Reputation: 43
While going through a piece of code I saw the below command:
grep "r" temp | awk '{FS=","; $0=$0} { print $1,$3}'
temp file contain the pattern like:
1. r,1,5
2. r,4,5
3. ...
I could not understand what does the statement $0=$0
mean in awk command.
Can anyone explain what does it mean?
Upvotes: 4
Views: 5467
Reputation: 203712
When you do $1=$1
(or any other assignment to a field) it causes record recompilation where $0 is rebuilt with every FS replaced with OFS but it does not change NF (unless there was no $1
previously and then NF would change from 0 to 1) or reevaluate the record in any other way.
When you do $0=$0
it causes field splitting where NF, $1, $2, etc. are repopulated based on the current value of FS but it does not change the FSs to OFSs or modify $0 in any other way.
Look:
$ echo 'a-b-c' |
awk -F'-+' -v OFS='-' '
function p() { printf "%d) %d: $0=%s, $2=%s\n", ++c,NF,$0,$2 }
{ p(); $2=""; p(); $1=$1; p(); $0=$0; p(); $1=$1; p() }
'
1) 3: $0=a-b-c, $2=b
2) 3: $0=a--c, $2=
3) 3: $0=a--c, $2=
4) 2: $0=a--c, $2=c
5) 2: $0=a-c, $2=c
Note in the above that even though setting $2 to null resulted in 2 consecutive -
s and the FS of -+
means that 2 -
s are a single separator, they are not treated as such until $0=$0
causes the record to be re-split into fields as shown in output step 4.
The code you have:
awk '{FS=","; $0=$0}'
is using $0=$0
as a cludge to work around the fact that it's not setting FS until AFTER the first record has been read and split into fields:
$ printf 'a,b\nc,d\n' | awk '{print NF, $1}'
1 a,b
1 c,d
$ printf 'a,b\nc,d\n' | awk '{FS=","; print NF, $1}'
1 a,b
2 c
$ printf 'a,b\nc,d\n' | awk '{FS=","; $0=$0; print NF, $1}'
2 a
2 c
The correct solution, of course, is instead to simply set FS BEFORE The first record is read:
$ printf 'a,b\nc,d\n' | awk -F, '{print NF, $1}'
2 a
2 c
To be clear - assigning any value to $0 causes field splitting, it does not cause record recompilation while assigning any value to any field ($1, etc.) causes record recompilation but not field splitting:
$ echo 'a-b-c' | awk -F'-+' -v OFS='#' '{$2=$2}1'
a#b#c
$ echo 'a-b-c' | awk -F'-+' -v OFS='#' '{$0=$0}1'
a-b-c
Upvotes: 7
Reputation: 2845
>>> echo 'a-b-c' | awk -F'-+' -v OFS='#' '{$2=$2}1'
>>> a#b#c
This can be slightly simplified to
mawk 'BEGIN { FS="[-]+"; OFS = "#"; } ($2=$2)'
Rationale being the boolean test that comes afterwards will evaluate to true upon the assignment, so that itself is sufficient to re-gen the fields in OFS and print it.
Upvotes: 0
Reputation: 10039
$0 = $0
is used most often to rebuild the field separation evaluation of a modified entry. Ex: adding a field will change $NF after $0 = $0 where it stay as original (at entry of the line).

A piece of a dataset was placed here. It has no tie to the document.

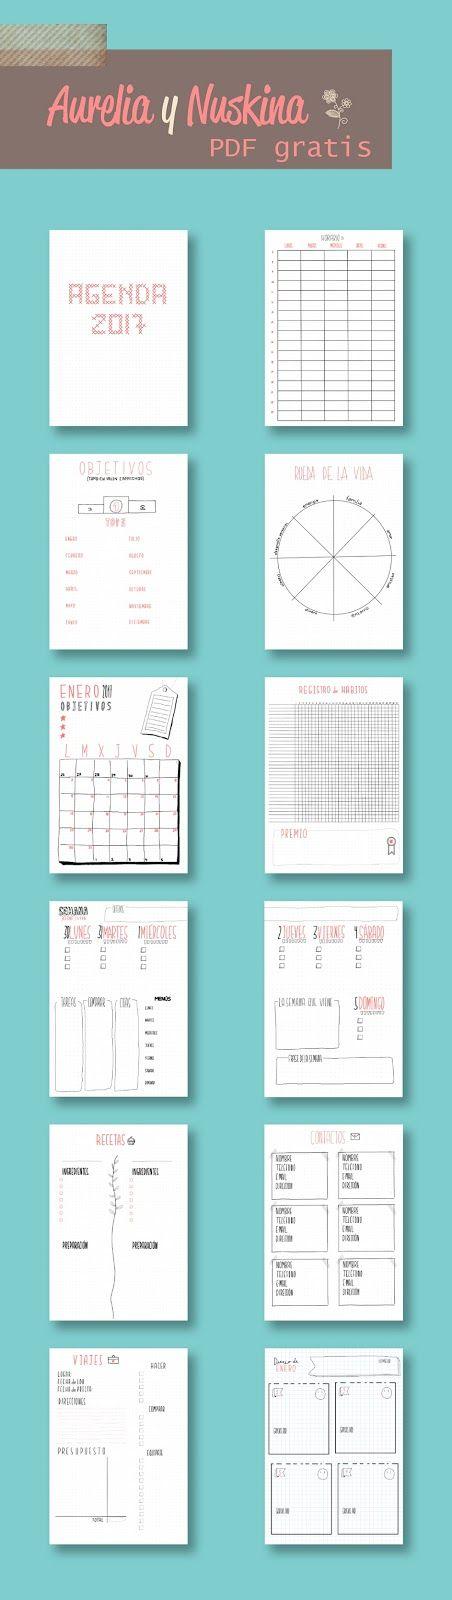 agenda 2017 para imprimir gratis y mas imprimibles gratis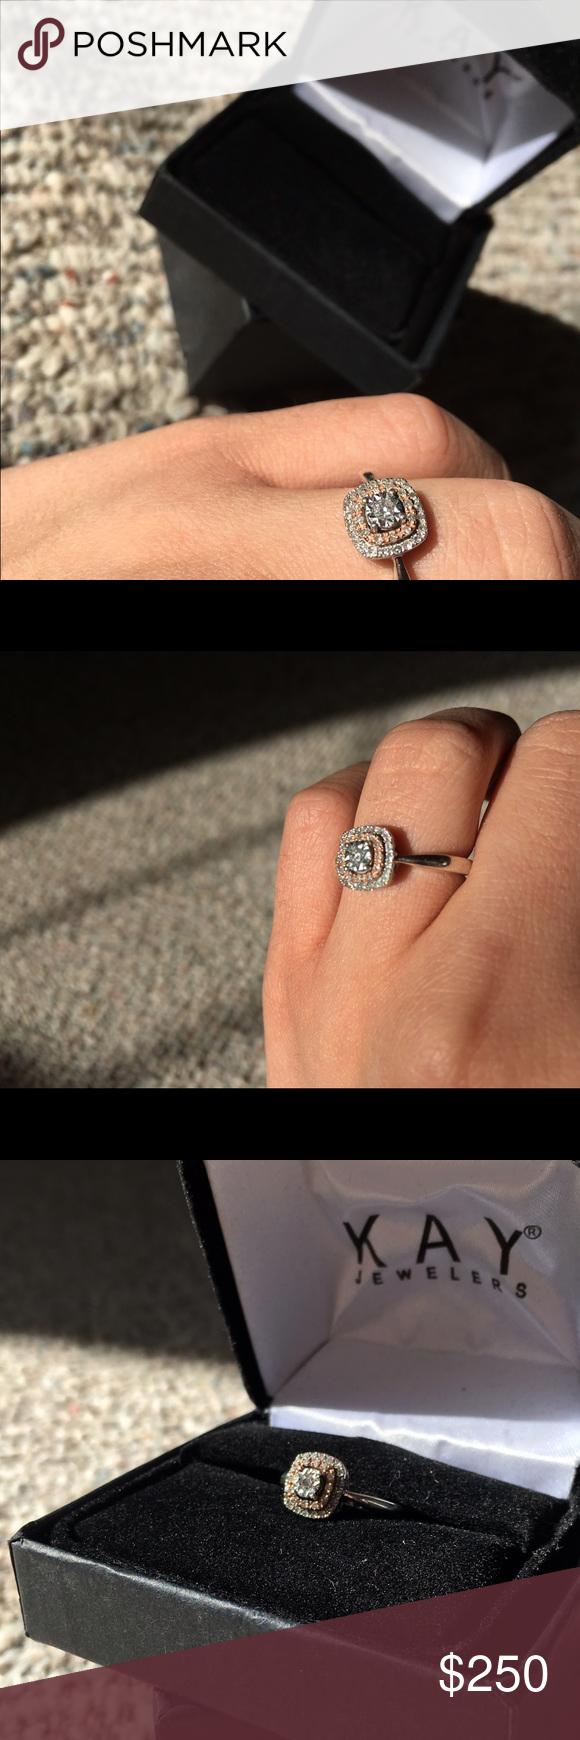 Kay Jewelers Ssil Fashion Diamond Ring Silver Rose Gold 10k And 1 5 K Diamond Fashion Halo Kay Jewelers Je Diamond Fashion Rings Kay Jewelers Diamond Fashion

in this case, it change every line the field separator by (see @EdMorton comment below for strike) reparse the line with current FS info where a ,
andawk -F ',' { print $1 "," $3 }'
is a lot better coding for the same idea, taking the field separator at begining for all lines (in this case, could be different if separator is modified during process depernding by example of previous line content)
ex:
echo "foo;bar" | awk '{print NF}{FS=";"; print NF}{$0=$0;print NF}'
1
1
2
based on @EdMorton comment and related post (What is the meaning of $0 = $0 in Awk)
echo "a-b-c" |\
awk ' BEGIN{ FS="-+"; OFS="-"}
function p(Ref) { printf "%12s) NF=%d $0=%s, $2=%s\n", Ref,NF,$0,$2 }
{
p("Org")
$2="-"; p( "S2=-")
$1=$1 ; p( "$1=$1")
$2=$2 ; p( "$2=$2")
$0=$0 ; p( "$0=$0")
$2=$2 ; p( "$2=$2")
$3=$3 ; p( "$3=$3")
$1=$1 ; p( "$1=$1")
} '
Org) NF=3 $0=a-b-c, $2=b
S2=-) NF=3 $0=a---c, $2=-
$1=$1) NF=3 $0=a---c, $2=-
$2=$2) NF=3 $0=a---c, $2=-
$0=$0) NF=2 $0=a---c, $2=c
$2=$2) NF=2 $0=a-c, $2=c
$3=$3) NF=3 $0=a-c-, $2=c
$1=$1) NF=3 $0=a-c-, $2=c
Upvotes: 3
Reputation: 16997
$0=$0
is for re-evaluate the fields
For example
akshay@db-3325:~$ cat <<EOF | awk '/:/{FS=":"}/\|/{FS="|"}{print $2}'
1:2
2|3
EOF
# Same with $0=$0, it will force awk to have the $0 reevaluated
akshay@db-3325:~$ cat <<EOF | awk '/:/{FS=":"}/\|/{FS="|"}{$0=$0;print $2}'
1:2
2|3
EOF
2
3
# NF - gives you the total number of fields in a record
akshay@db-3325:~$ cat <<EOF | awk '/:/{FS=":"}/\|/{FS="|"}{print NF}'
1:2
2|3
EOF
1
1
# When we Force to re-evaluate the fields, we get correct 2 fields
akshay@db-3325:~$ cat <<EOF | awk '/:/{FS=":"}/\|/{FS="|"}{$0=$0; print NF}'
1:2
2|3
EOF
2
2
Upvotes: 1